Approximately 2,700 children, most of whom were orphaned and biracial and some of whom were handicapped, were flown on 19 flights from Saigon to the United States and Europe.
The first flight out of Saigon crashed upon take-off. Of the 300 adults and children aboard, 154 died. Many more planes full of children were flown out of the country within a week. Those arriving in the United States were placed with foster families and raised as Americans.
“Precious Cargo” traces the return of six young Vietnamese adults who were adopted by Americans after the war. The cameras followed them to their birthplaces as they searched for their roots.
Janet Gardner, who directed and co-produced the piece, is an award-winning documentary producer known for her work on events in Southeast Asia. She gained an interest in the area from her time covering post-war Vietnam for a pair of New Jersey papers and as a contributor to The New York Times, Boston Globe and The Nation.
It took three years to raise the funds needed, produce and promote “Precious Cargo.” Independent Television Service and the Gardner Documentary Group had researched the topic for about a year and hoped to commemorate the 25th anniversary of the end of the Vietnam War with the documentary.
“The shoot itself was challenging,” wrote Gardner. “We had little control over the schedule. Vietnamese bureaucrats were not enthusiastic about it because foreign adoption is a sensitive subject in Vietnam, so we had to sidestep them in our quest for a Vietnamese point of view.”
The film follows several of the now 20-something Americans on a reunion voyage sponsored by Holt International Children’s Services. Holt ran one of the numerous Vietnamese orphanages deluged with children during and after the war.
During the war, some Vietnamese mothers were producing at least one baby per year. Their parents would raise the baby until it was two or three months old before being forced to send them to an orphanage.
The subjects in “Precious Cargo” returned to the orphanages where they grew up 25 years earlier. Some of them are reunited with the nuns and nurses who cared for them as children. They view first-hand the poverty and over-crowding that forced them from their homeland years ago.
“No psychologist that we know of has studied this large group of adoptees,” wrote Gardner. “Our sampling was small, but it did show the adjustment problems of the first generation of Vietnamese adoptees and the adoptive families.”
“We just knew that we were American, and that made us different,” remembers one woman who had been abandoned as a child.

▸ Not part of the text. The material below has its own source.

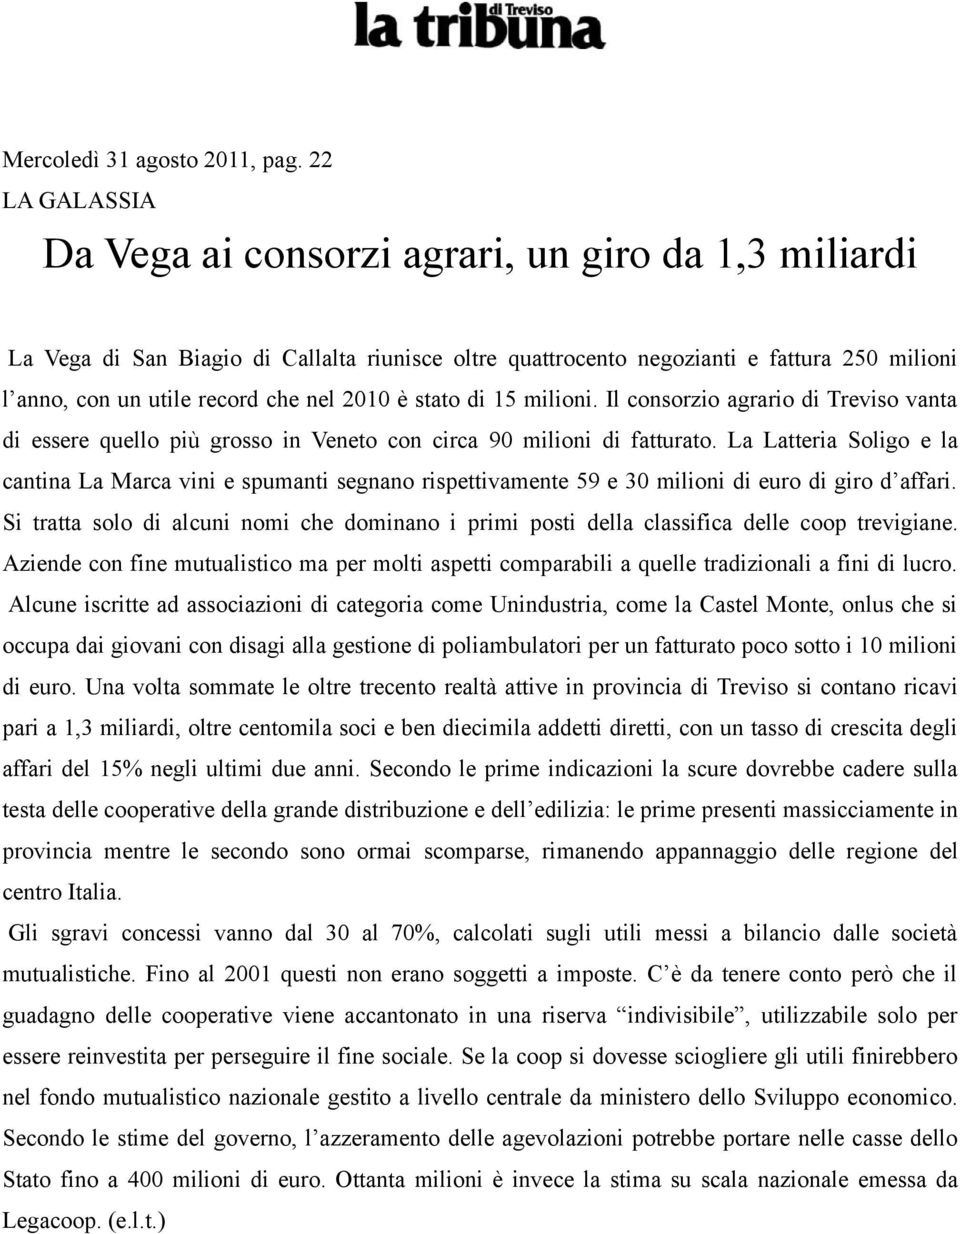 2010 è stato di 15 milioni. Il consorzio agrario di Treviso vanta di essere quello più grosso in Veneto con circa 90 milioni di fatturato.
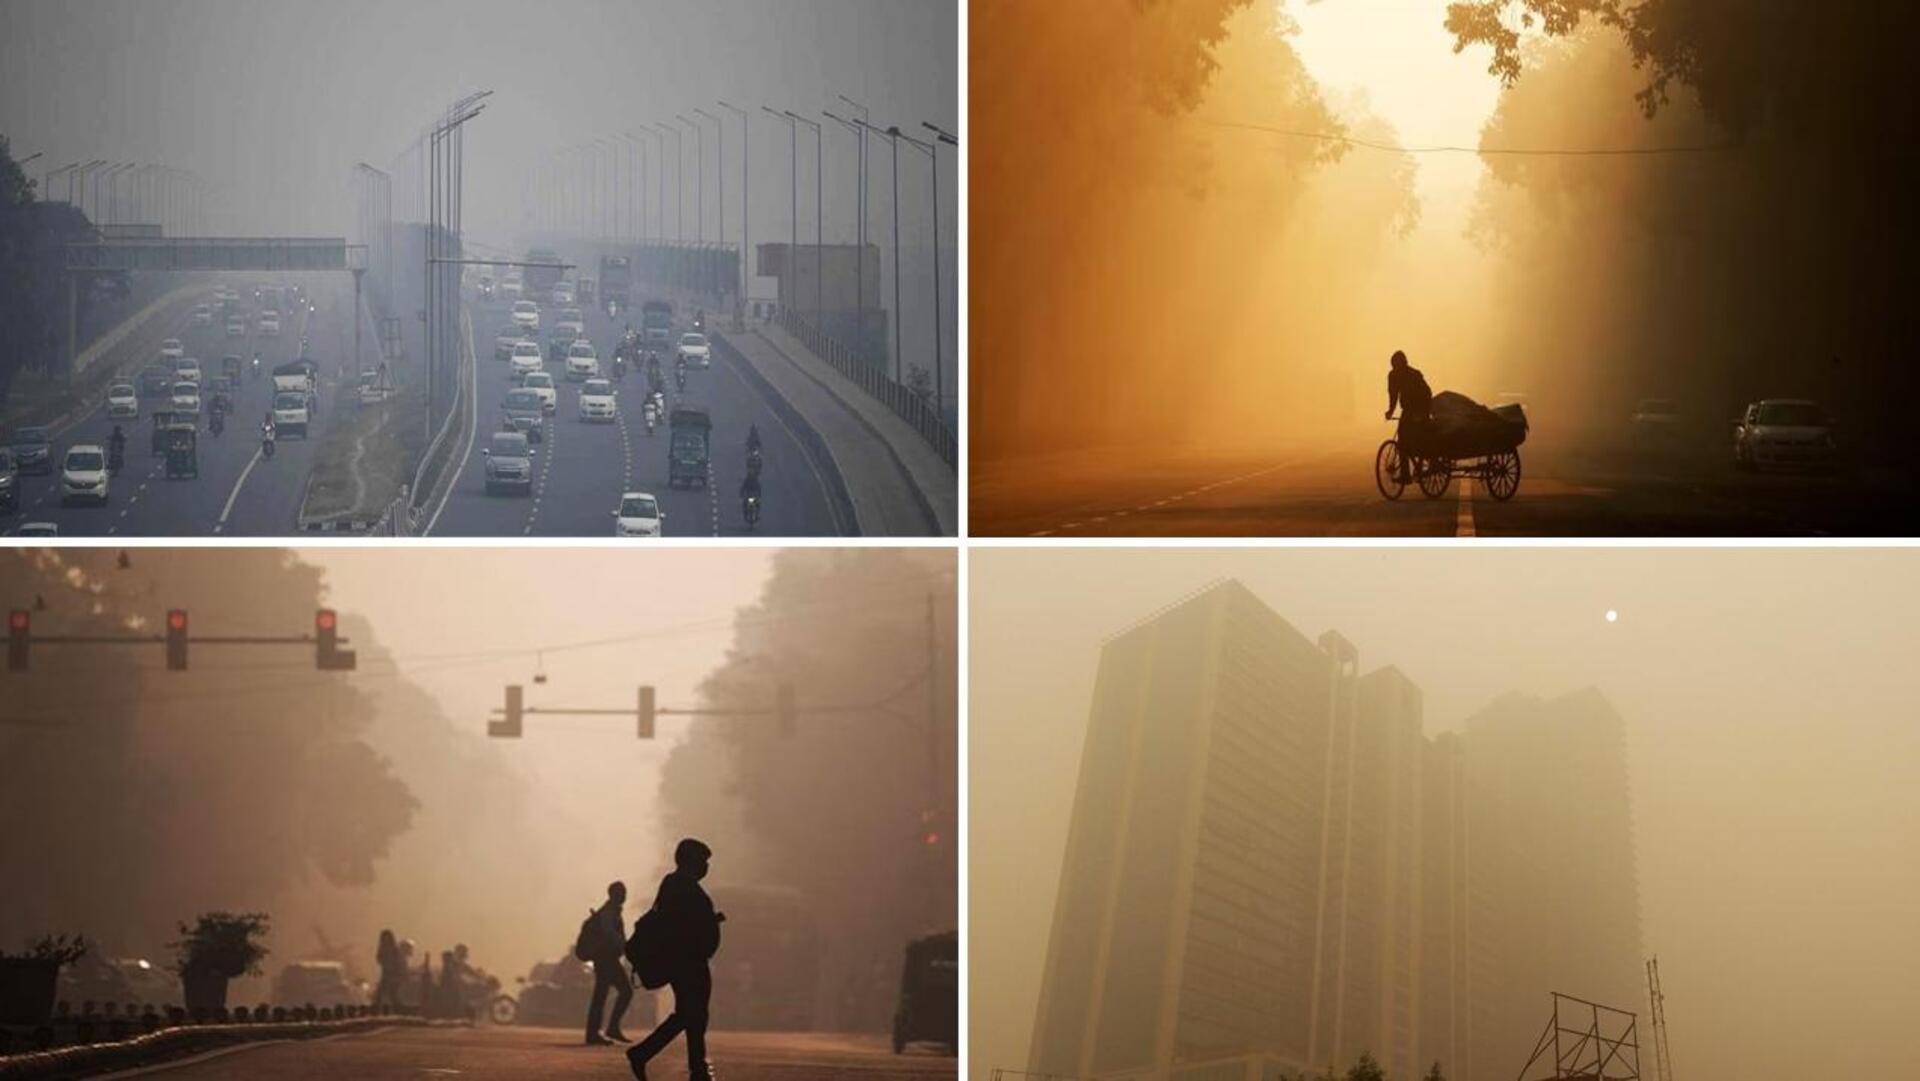 दिल्ली-NCR में वायु गुणवत्ता 'बेहद खराब', पड़ोसी राज्यों में पराली जलाने से बिगड़ सकते हैं हालात

The film follows the subjects to the War Remnants museum, where they are confronted with the anti-American, “anti-Babylift” sentiments of their hosts.
“It’s kind of overwhelming,” said Patricia Snider. “Going back to find your roots is kind of like having amnesia and you don’t know where you’re from. Coming back here is like finding yourself again.”
Gardner said the American families that took in these children made a significant impact on American social structure.
“Their adoptive parents were pioneers in a movement, beginning in the mid-1970s, that has grown to redefine the American family by embracing these biracial and handicapped children as their own,” she said.
“We would argue that these pioneering parents changed the way many Americans think about the nuclear family in a profound way.”